During my “jena community of practice” talk I presented on jenabean, geosparql, and our work at Travelocity on Asydeo. Thankfully we had Dave Renolds from HP labs to give some update on Jena. Feels like the semantic web is beginning to take shape. best buy is emitting RDFa, New York Times announced a linked data service, and the BBC is using RDFa as well (BackstageBBC).
I was having a conversation with a respected colleague yesterday and and we began discussing publications. His comment was that he stopped reading Dr. Dobb’s because it was full of complicated algorithms he’d never use. That struck a nerve within me. Although a side of me respects the drive towards simplicity, some things are necessarily complex. It seems that the computing field is becoming less tolerant of thinking hard about difficult problems. Early in my career we would ask candidates to pseudo code search algorithms or discuss the running time of a common sort using asymptotic notation.
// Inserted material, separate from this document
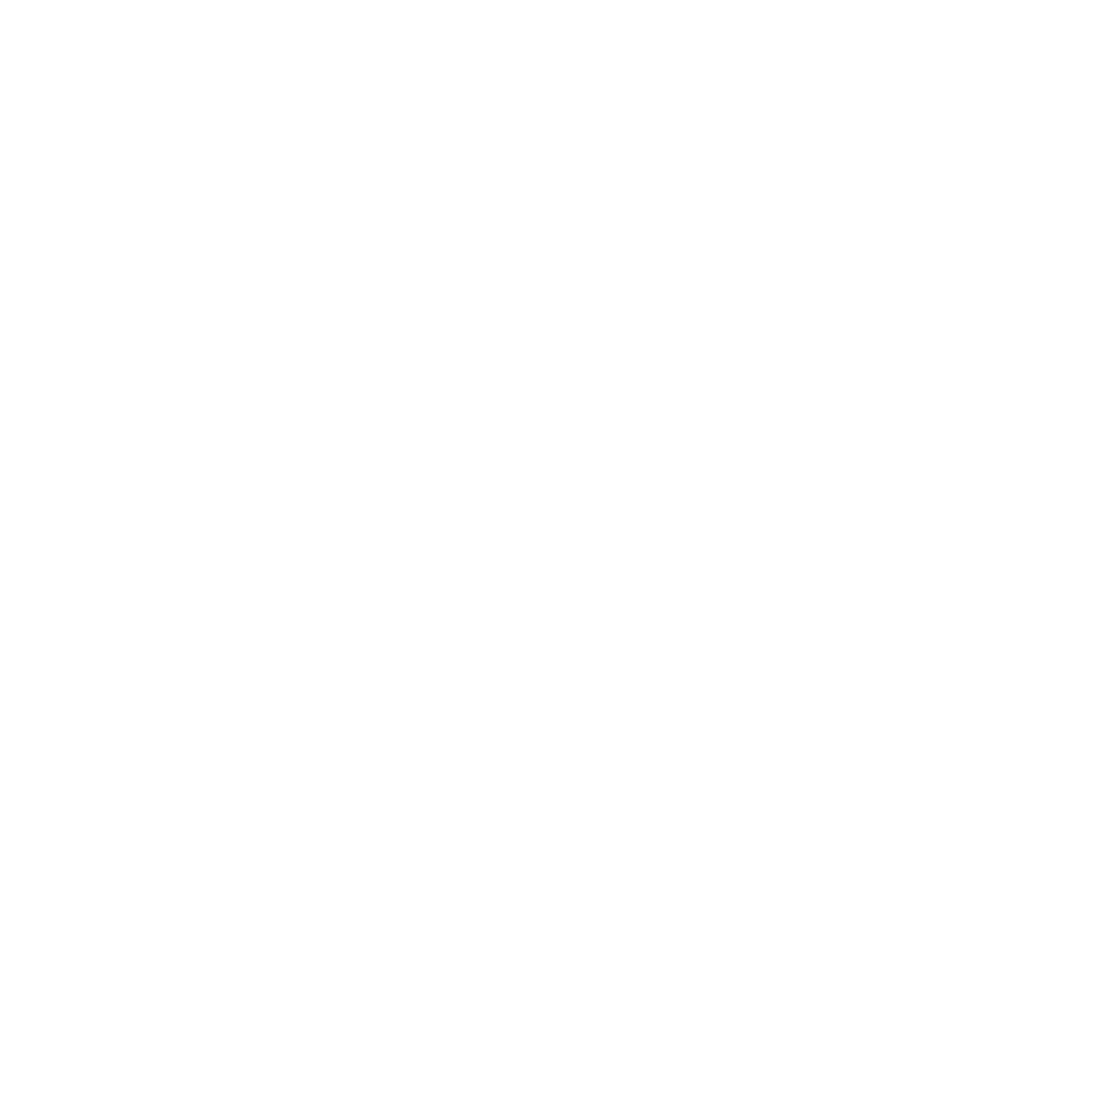 8685BS - Blanco Brillante

Now we primarly only want to know if they understand TDD and have used Grails before. Just last weekend at a regional conference I heard a thought provoking talk from an industry veteran about usability. He was soft spoken, however, the content he delivered was solid and interesting. Afterward I heard some complain that he wasn’t animated enough. Later in the day I heard a “social media” expert give a talk on twitter. It was interesting and funny and yet there was nothing profound or substantive in his talk. It was momentarily entertaining, but not filling, like soda and candy bar.
Just yesterday I heard that HP is shutting down their non-US based labs groups. So it seems that the “smarties” are not earning their keep. I believe there is a slow dumbing down of the technology profession. Some are concerned about dropping enrollment in CS, but I’d counter that it’s a sign of intelligence. The wise young person can probably perceive that intelligence has more leverage in other venues.
I attended The Big (D)esign Conference yesterday. I was impressed with how well it was organized and the implications for furture technology conferences. It was organized by a team of volunteers as a joint venture by the Dallas/Fort Worth Usability Professionals’ Association, Refresh Dallas, and the Dallas/Fort Worth Interaction Design Association. During the conference I was able to see some top notch speakers, and the venue was small enough to ensure you were able to get a chance to speak face to face with nearly any one of them. It cost $50 and a short trip to SMU. Constrast that to the 1,000+ and flight it normaly requires to get a line of similar caliber.
It was held at the student center at SMU. I liked the venue because it was small, and yet still had plenty of conference rooms to allow 4 simultaneous tracks. The sponsors setup booths at the center…so there was no partitioned off exhibit floor, they were front and center.
The first semantic web meetup was held May 20th, at the co-working office of http://www.companydallas.com/. As I expected it was a motley crew. The “semantic web” space consists of RDF/OWL interests, natural language processing, and mathmatical techniques such as LSA (latent semantic analyses)…it’s really a diverse set of interests and I sometimes wonder what joins them all together. I gave a talk on geosparql, a tool build on google’s new app engine for java. My favorite talk was from 80legs.com. They have a new cloud compute model that targets when crawling. Somebody asked “what does that have to do with the semantic web?”. I was thinking to myself…everything! The semantic web requires that one be able to scrape here and there, or at least I see it that way. Swingly was also introduced, an index of questions and answers found on the internet…again, very interesting. PureDiscovery came out to set us straight and remind us that ontology creating will never work, why do we keep trying?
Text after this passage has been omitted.